Clinton jokes about her non-public e-mail server she used as secretary of state.
— Hillary Clinton joked to reporters Tuesday in Las Vegas about whether or not she “wiped” her e-mail server clear earlier than giving it to the FBI.
“What? Like with a fabric or one thing?” she requested, then laughed. “I don’t know the way it works digitally in any respect.”
Clinton maintained that she has turned over the server to investigators and gave them “each single factor” that was work-related. Federal investigators are trying into the safety of the server and whether or not there was categorised info within the emails from the non-public account she used whereas serving as secretary of state.
She made the quip throughout an alternate with Fox News’ Ed Henry.
This isn’t the primary time Clinton has joked about her emails: the previous Secretary of State additionally quipped about why she preferred Snapchat on the Wing Ding Dinner in Iowa.
“You might have seen that I not too long ago launched a Snapchat account,” she mentioned. “I like it. Those messages disappear all by themselves.”
Clinton turned over greater than 30,000 private messages from her e-mail server to the State Department, which is being launched in batches. And earlier this month, Clinton turned over her non-public e-mail server to the Department of Justice.
The Intelligence Community’s inspector normal had notified senior members of Congress that two emails randomly sampled from Clinton’s server contained delicate info that was later given a “Top Secret” classification, whereas two others contained categorised info on the time they had been despatched.
The emails with info subsequently categorised as “Top Secret” had been forwarded to Clinton, in line with the State Department.
Just this week, Intelligence group officers concerned within the overview of Clinton’s emails flagged 305 messages for additional inspection, new courtroom paperwork launched Monday mentioned.

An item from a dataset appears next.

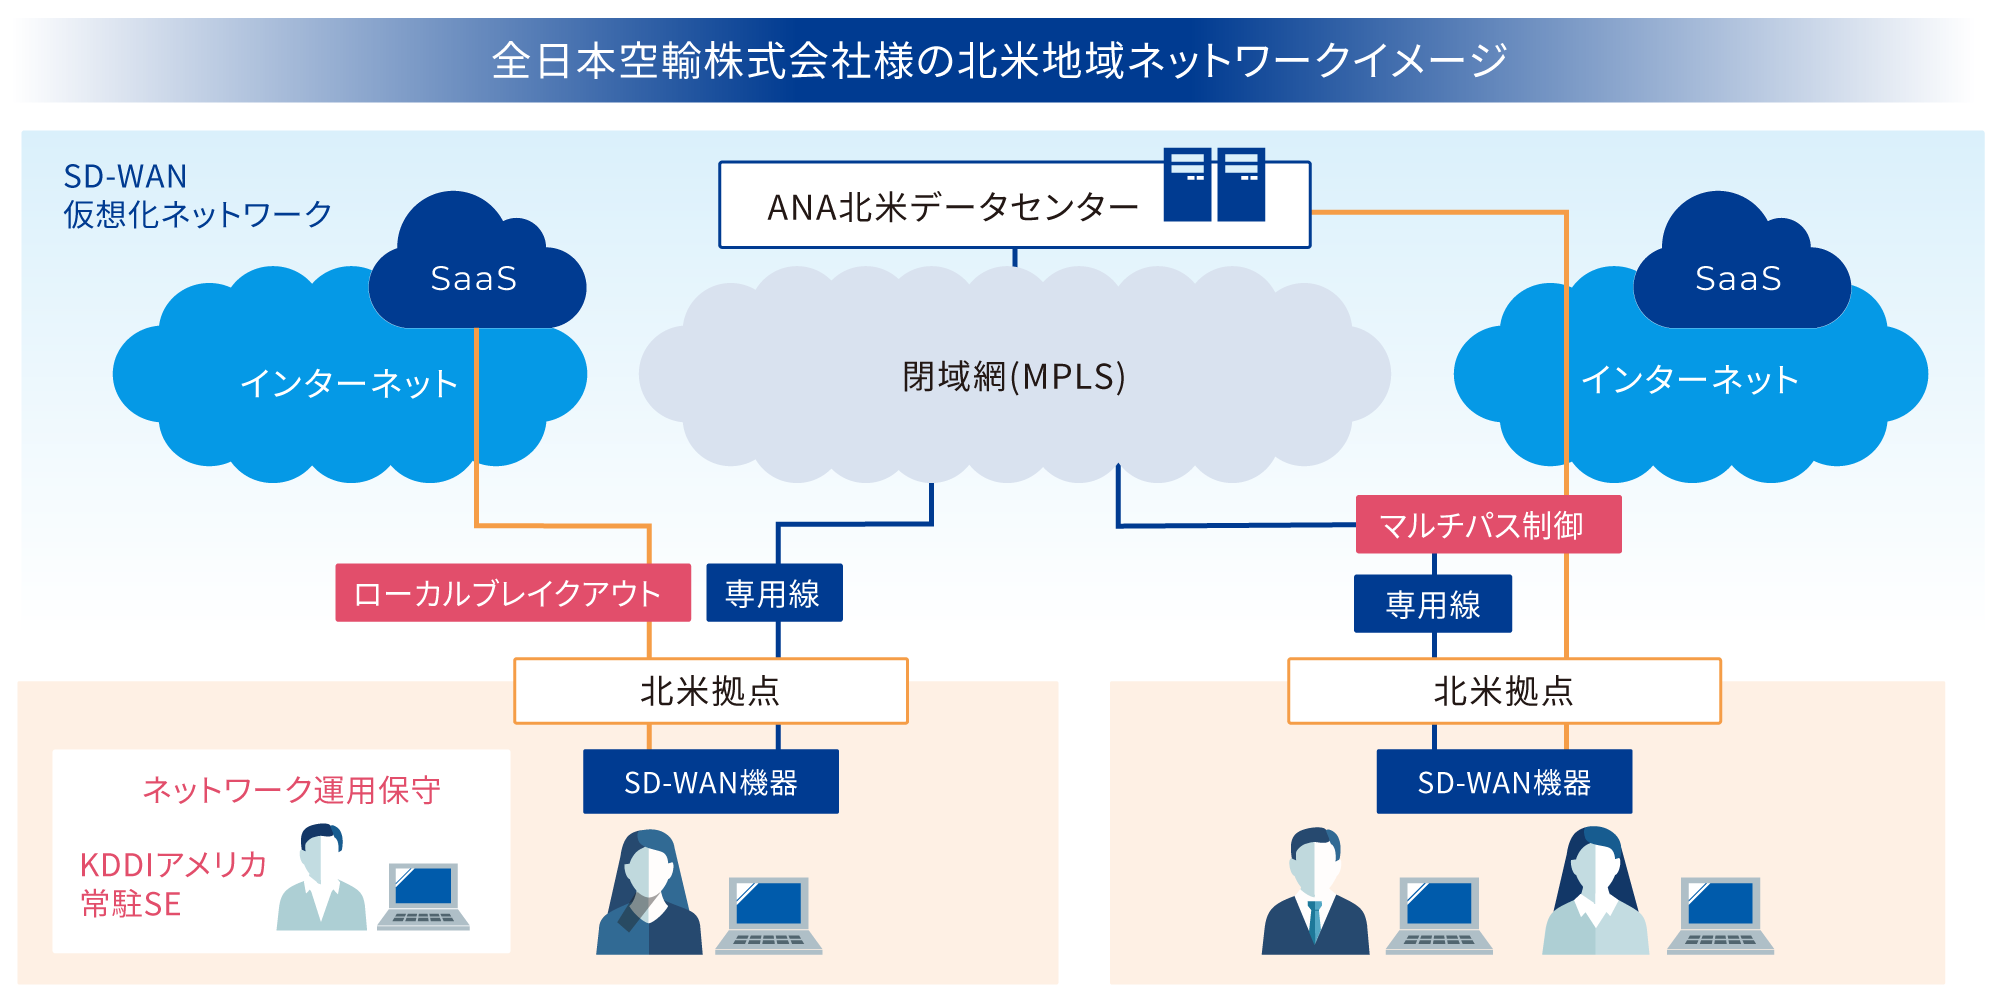 全日本空輸株式会社様の北米地域ネットワークイメージ
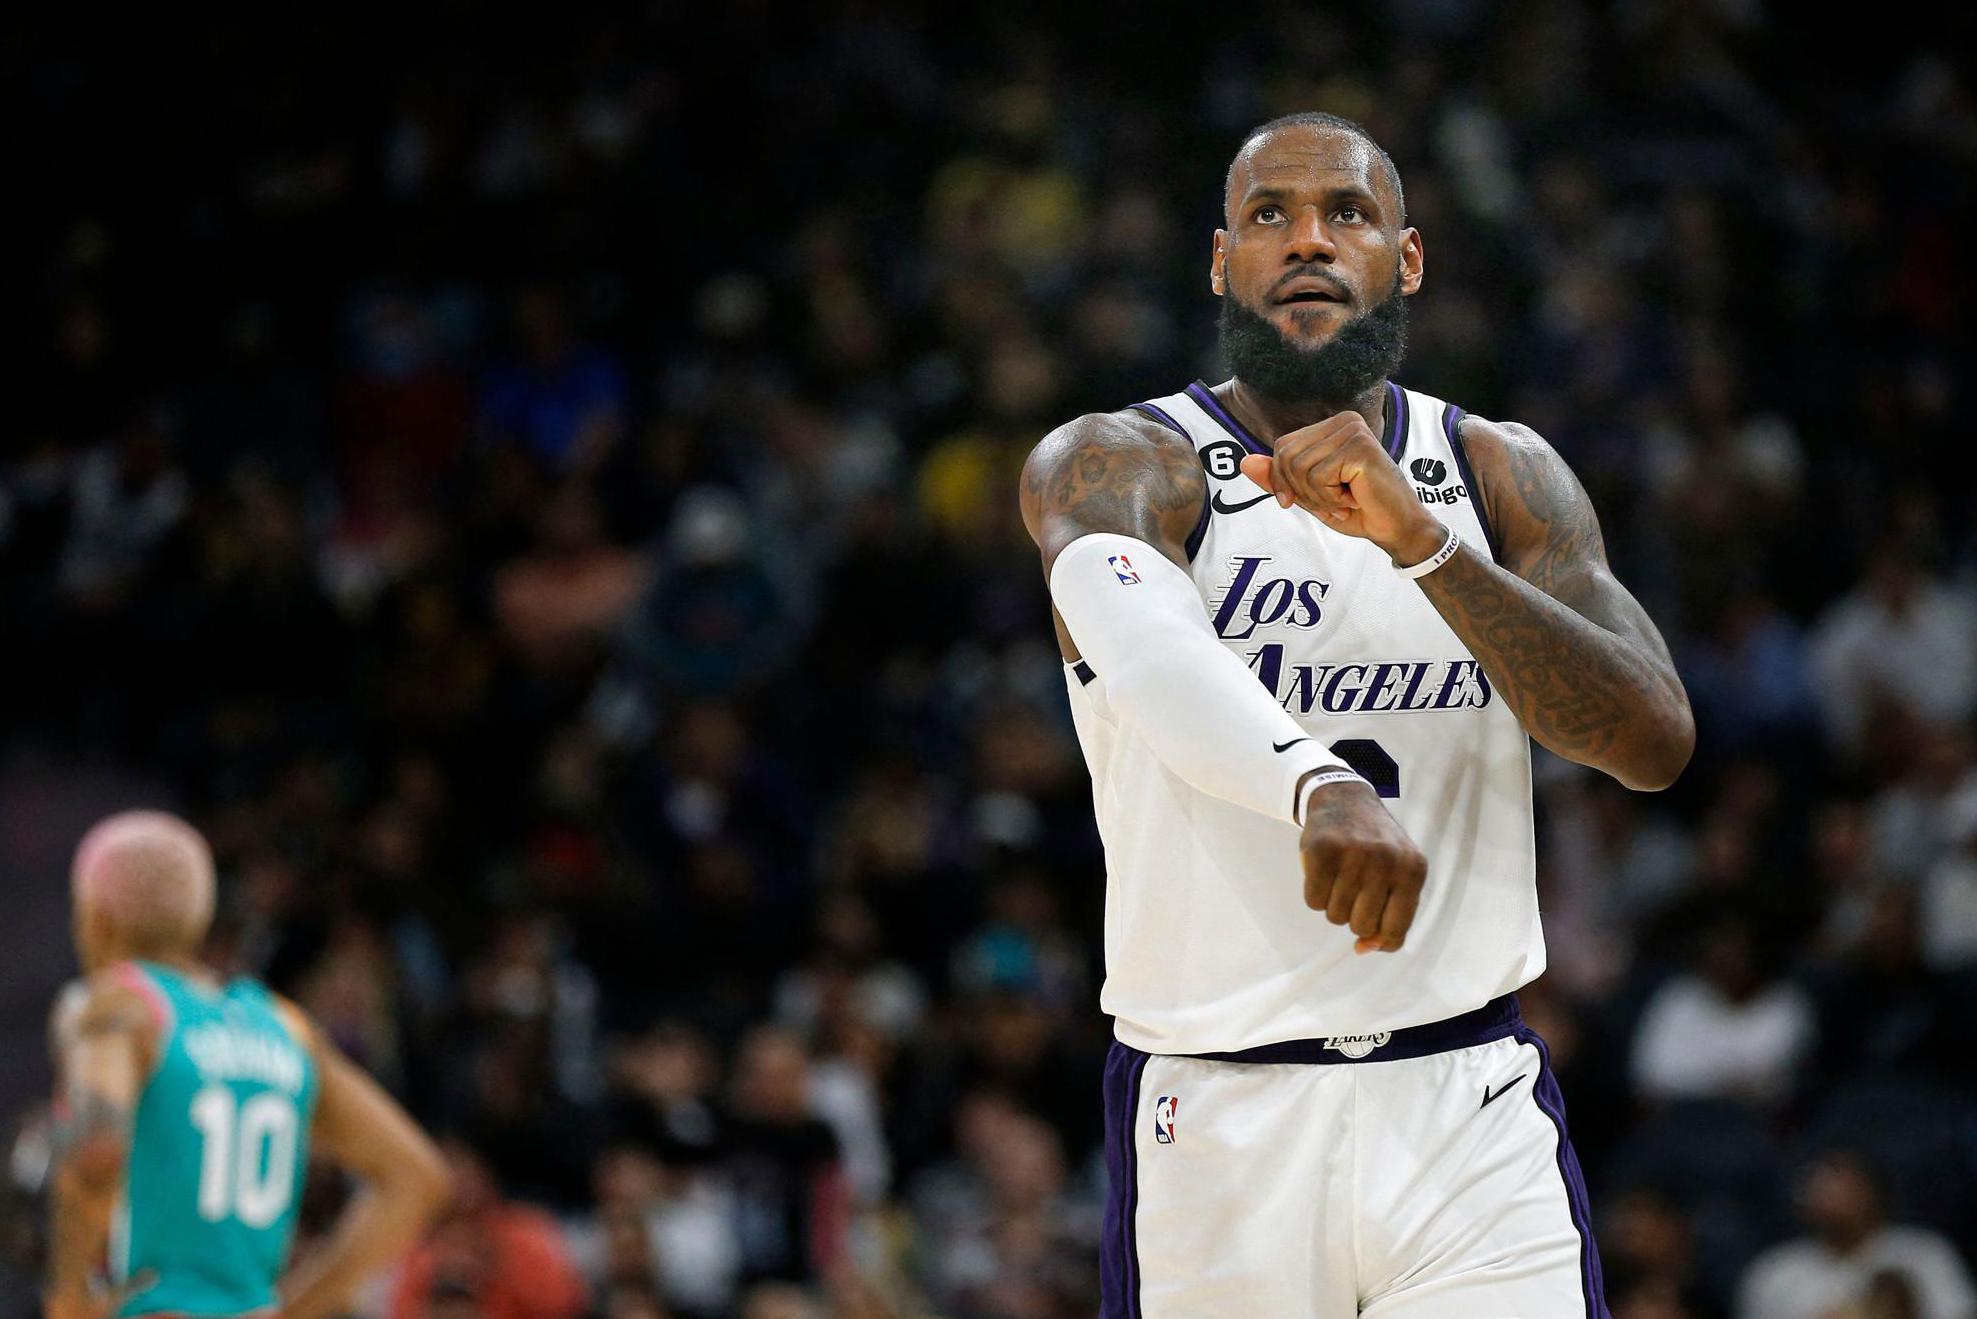 NBA. Lakers winnen van Spurs dankzij terugkeer LeBron James, Celtics blijven op kruissnelheid

Clinton has maintained that she by no means used her non-public e-mail to deal with categorised info. Her spokesman, Nick Merrill, mentioned it was “not shocking” that a number of hundred messages had been flagged for additional inspection “given the sheer quantity of intelligence group legal professionals now concerned within the overview of those emails.”
“We count on there’ll proceed to be competing assessments among the many varied companies about what ought to and should not be redacted,” Merrill mentioned in an announcement to ABC News.
ABC News’ Benjamin Siegel and Justin Fishel contributed reporting.